• Data provided:
=======
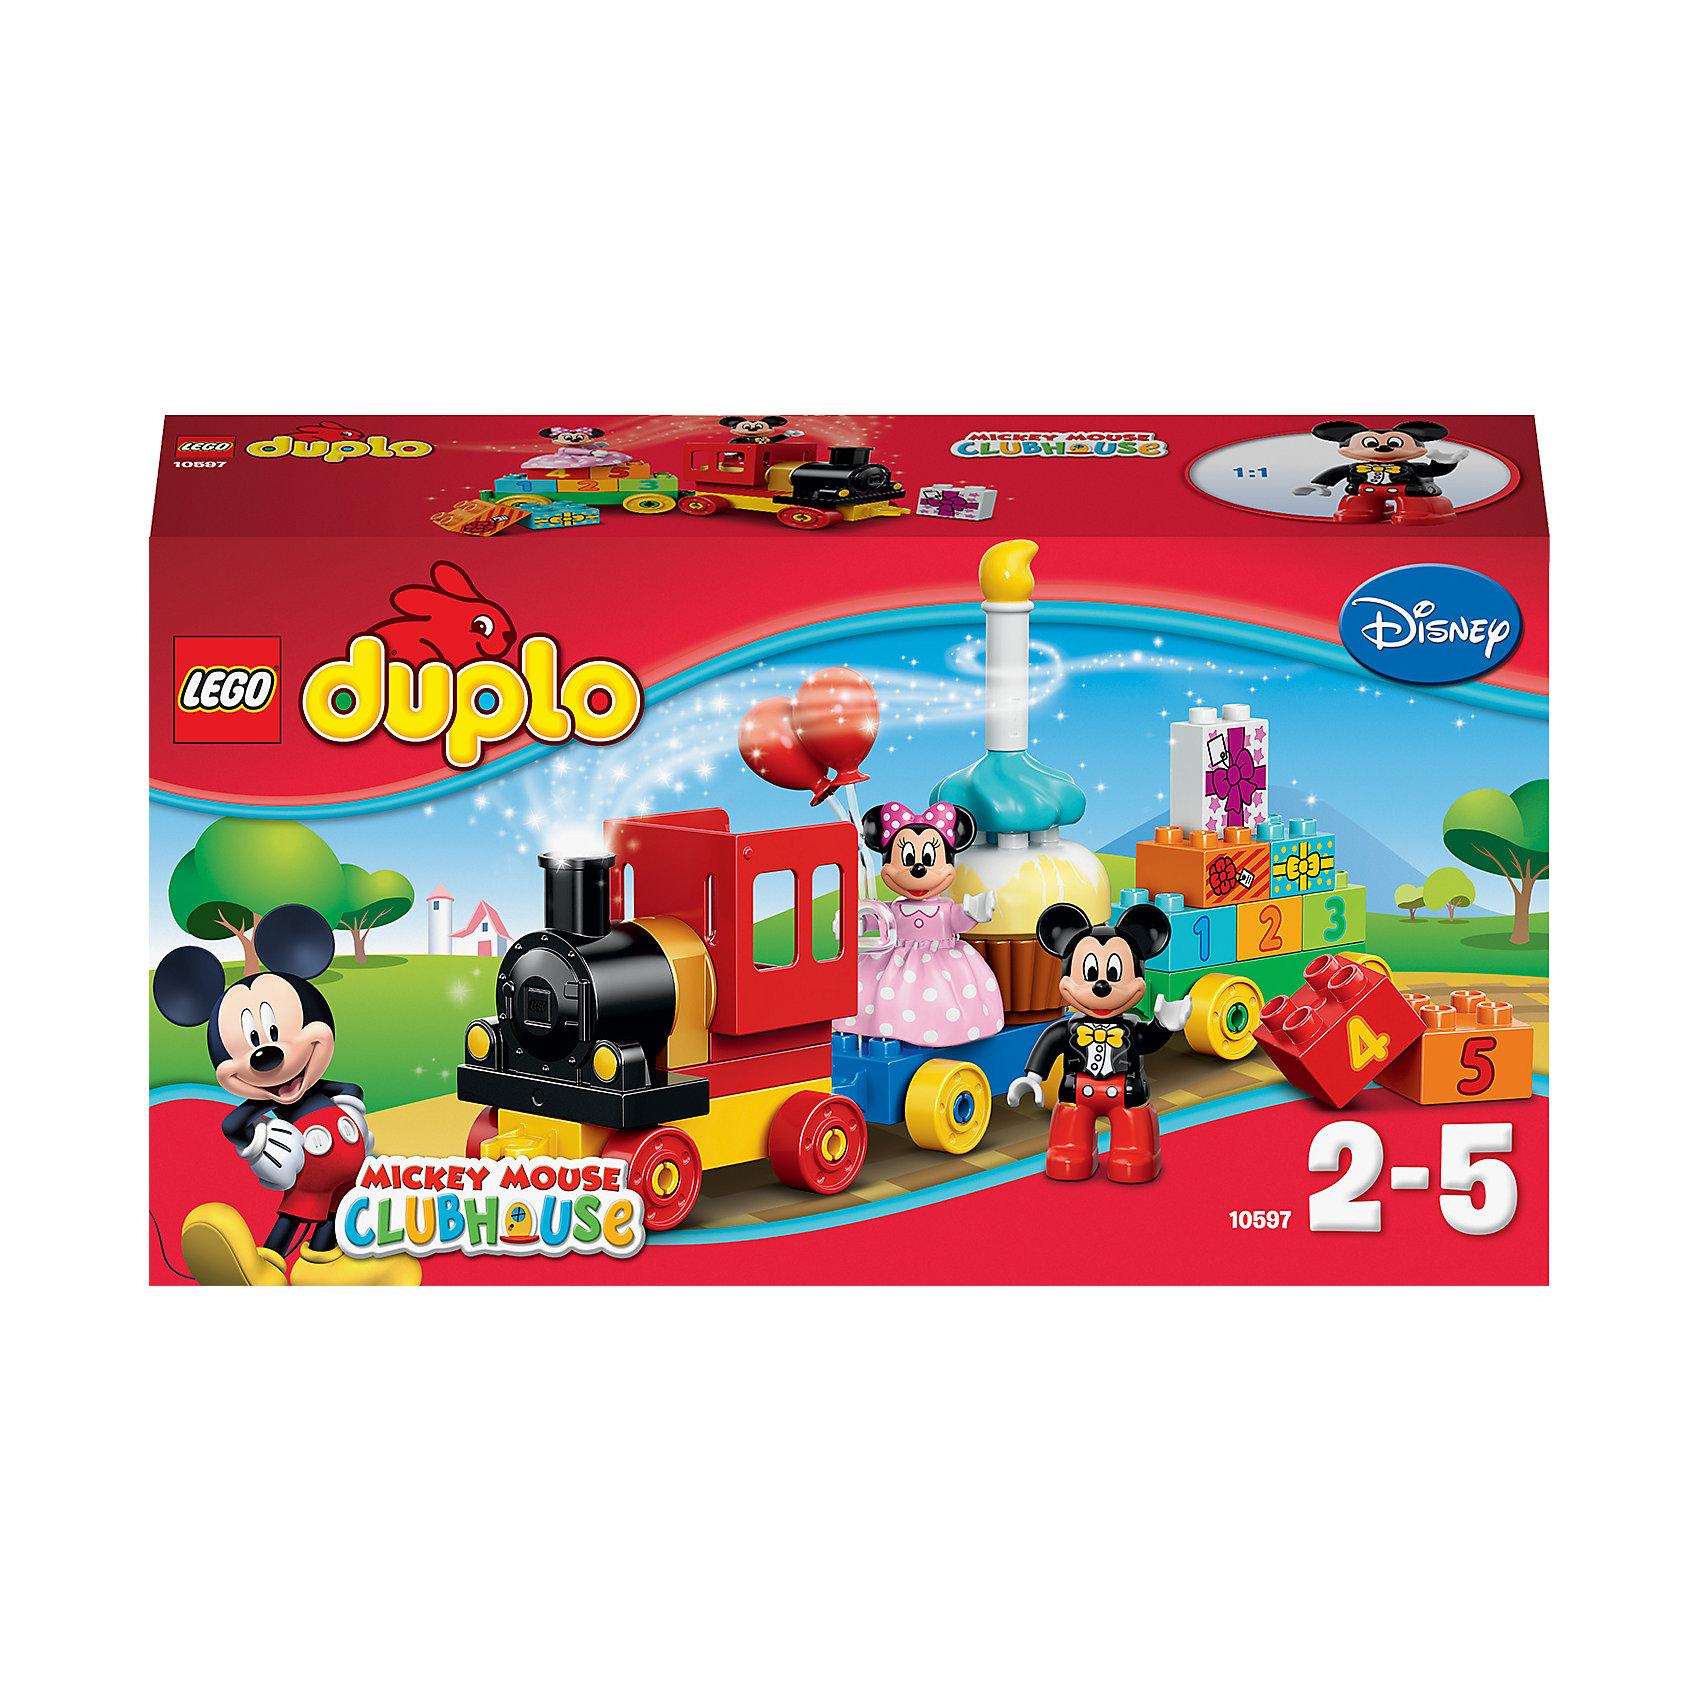 LEGO LEGO DUPLO 10597: День рождения с Микки и Минни
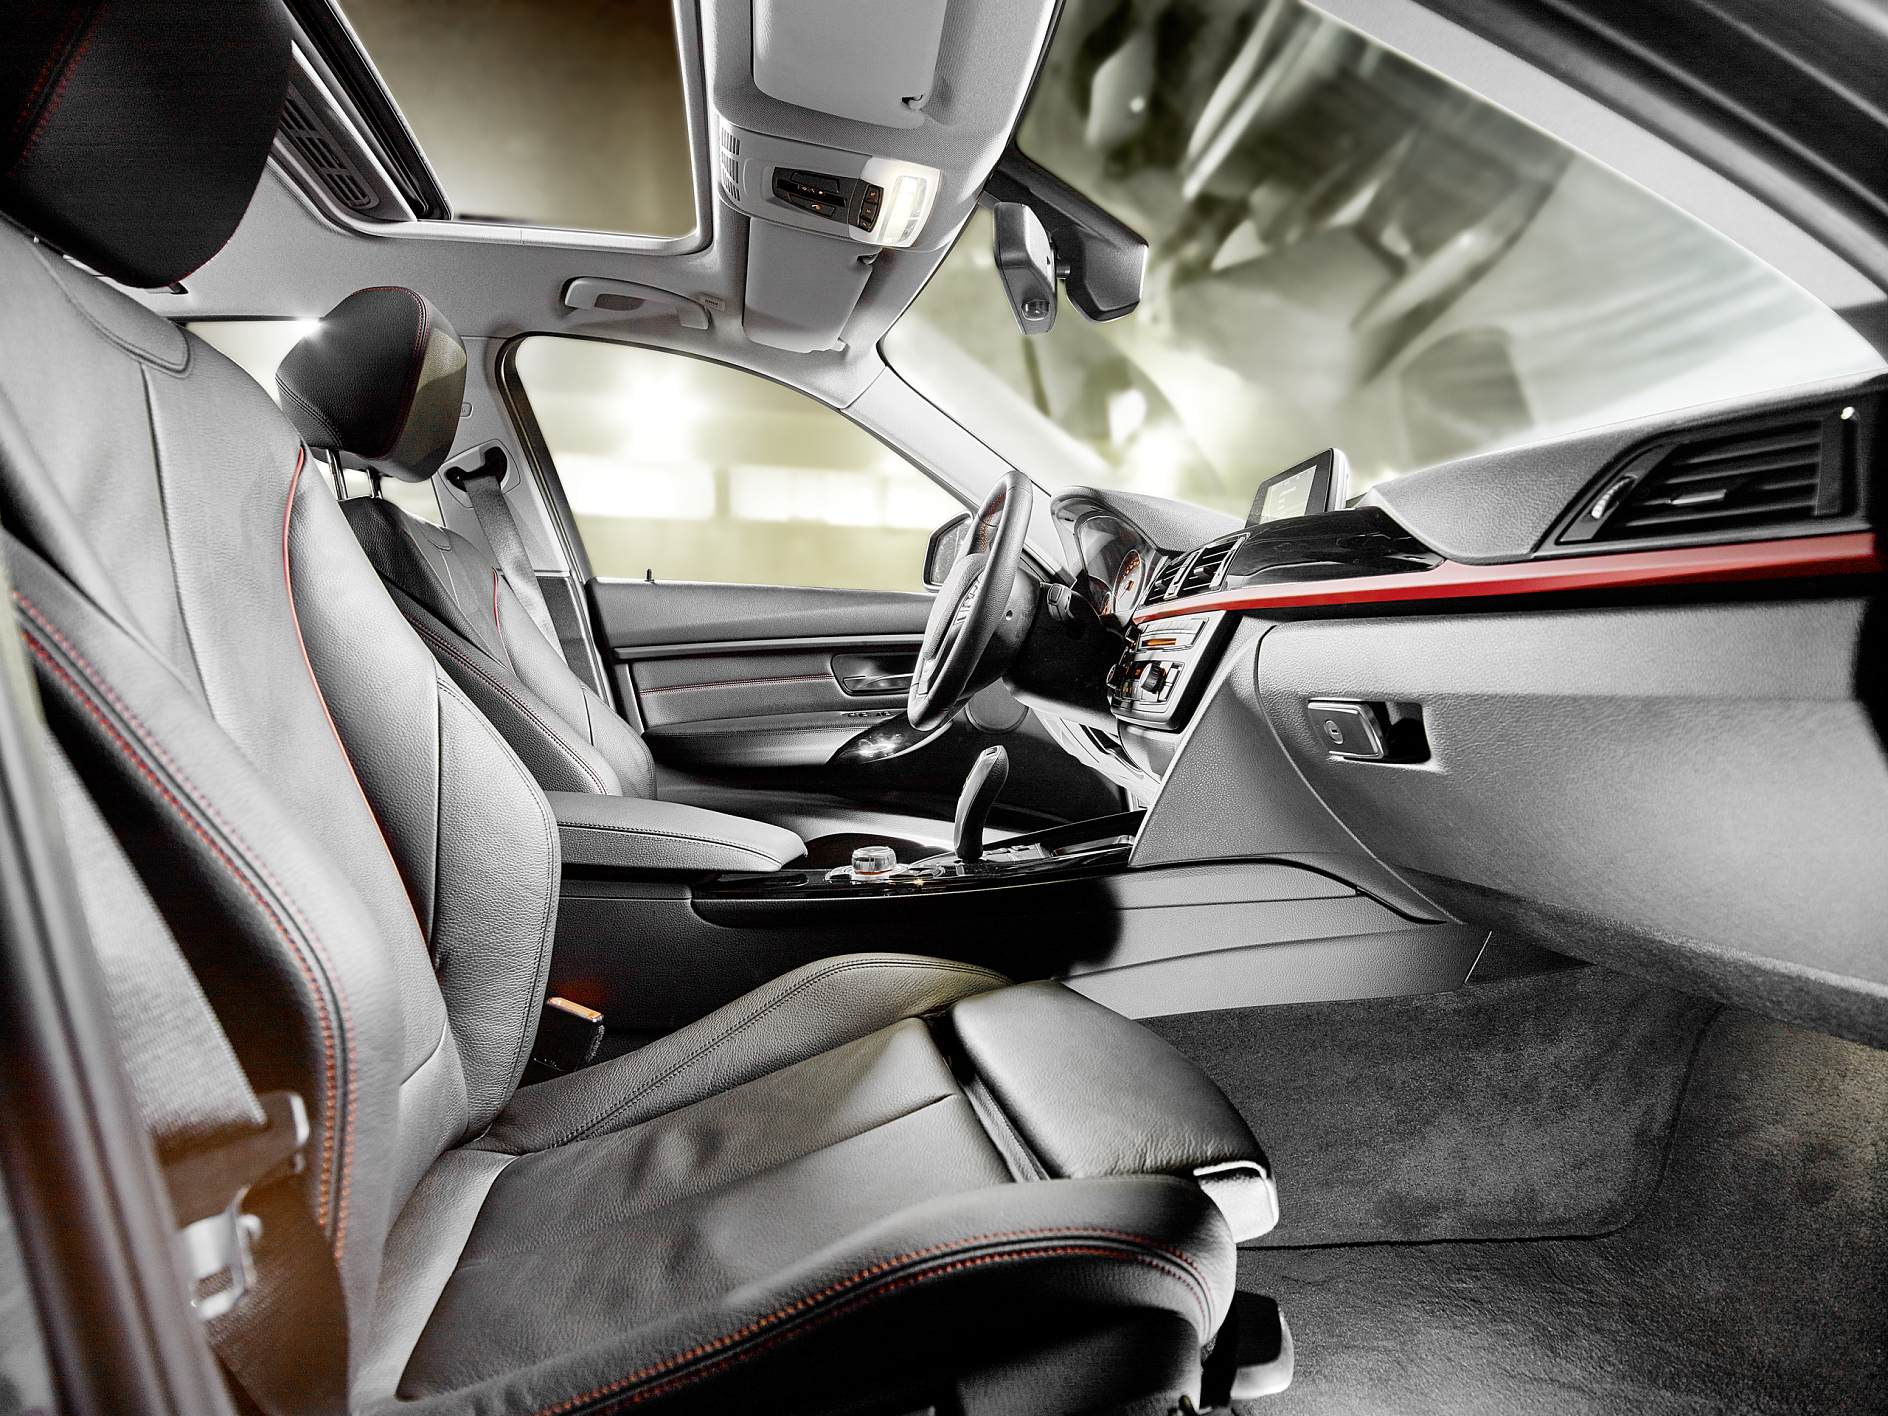 Low Voc Bonding And Lamination Inside Cars Tesa
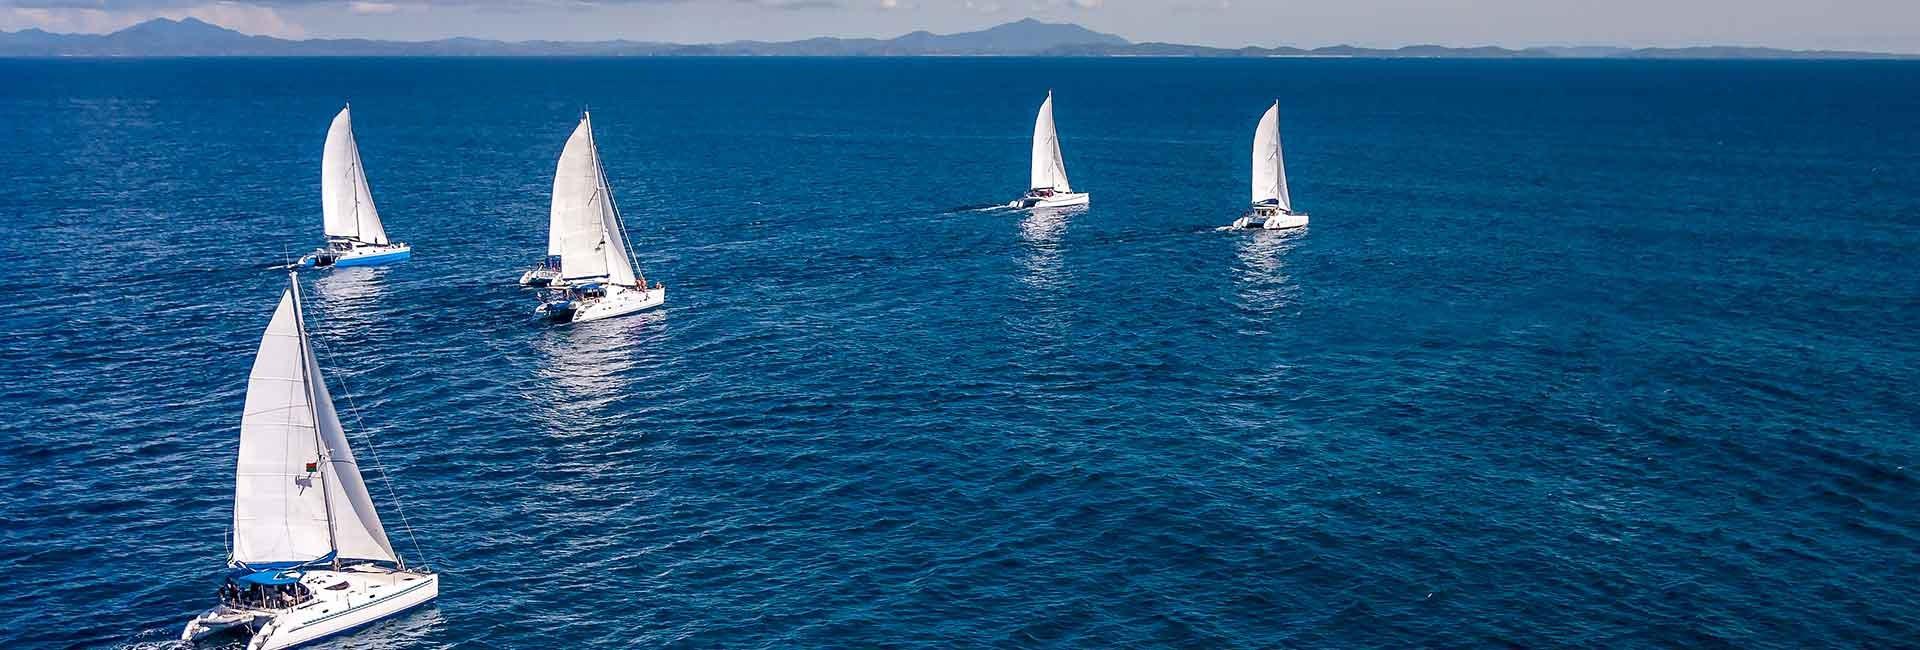 Yachts in the ocean
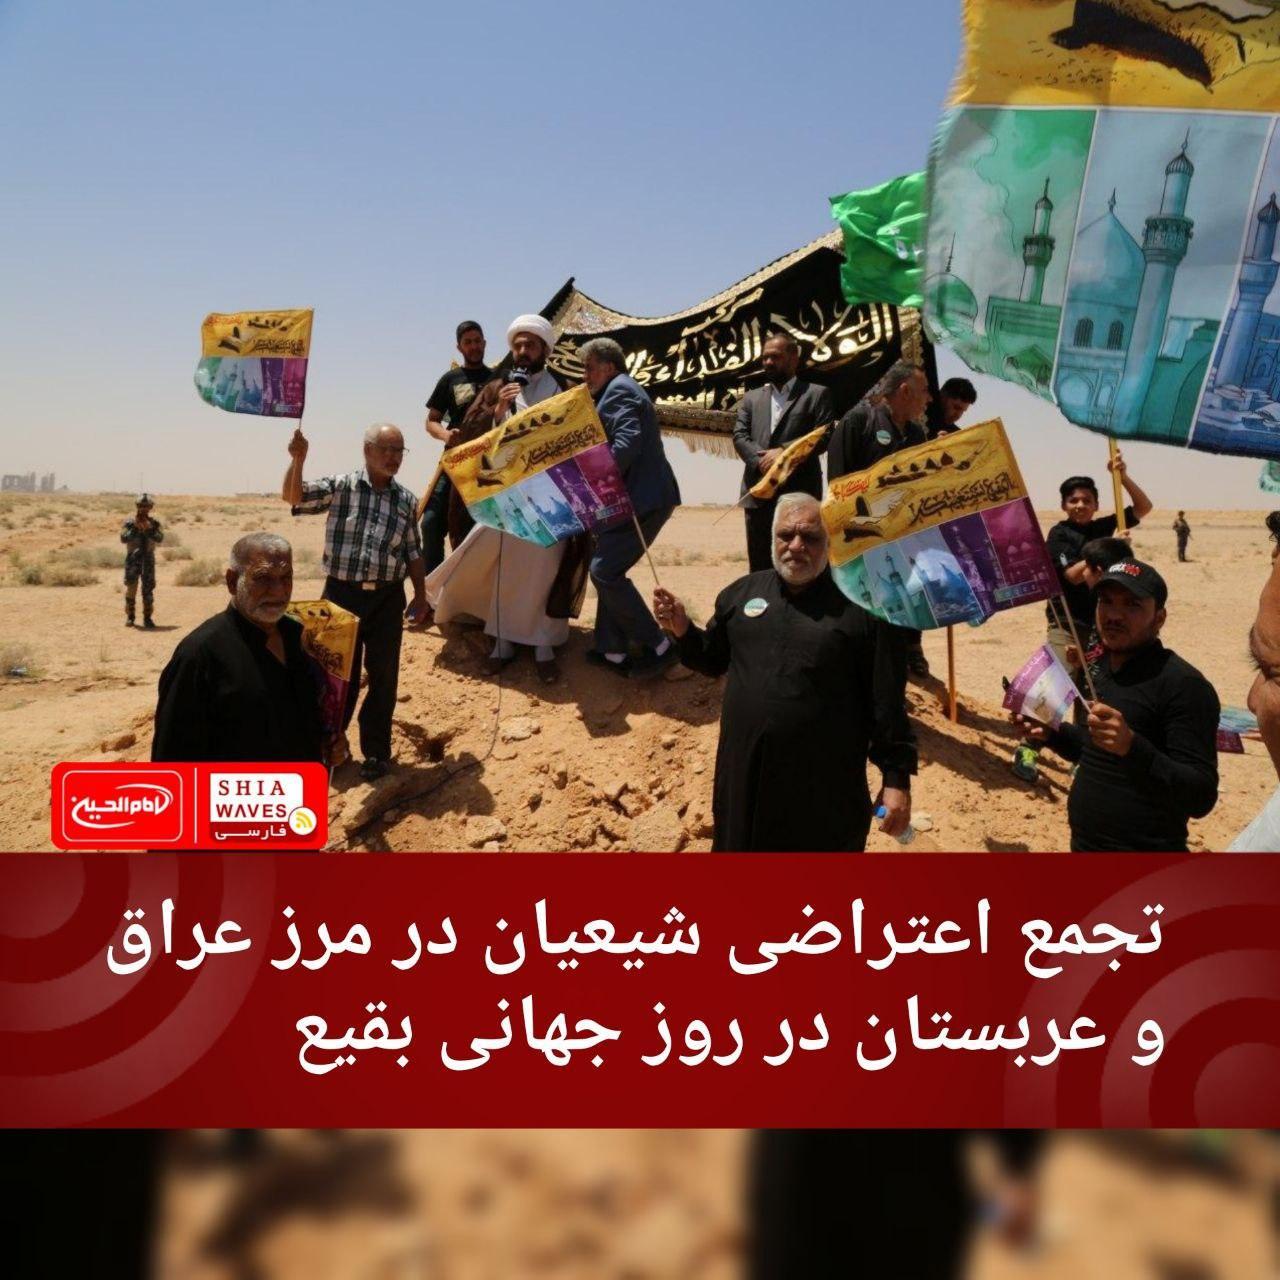 Photo of تجمع اعتراضی شیعیان در مرز عراق و عربستان در روز جهانی بقیع
=======
The required output is every line from the one containing "Yachts in the ocean" through the last line of the data above, restated exactly and without pictures.

• Written solution:
 Yachts in the ocean
 Photo of تجمع اعتراضی شیعیان در مرز عراق و عربستان در روز جهانی بقیع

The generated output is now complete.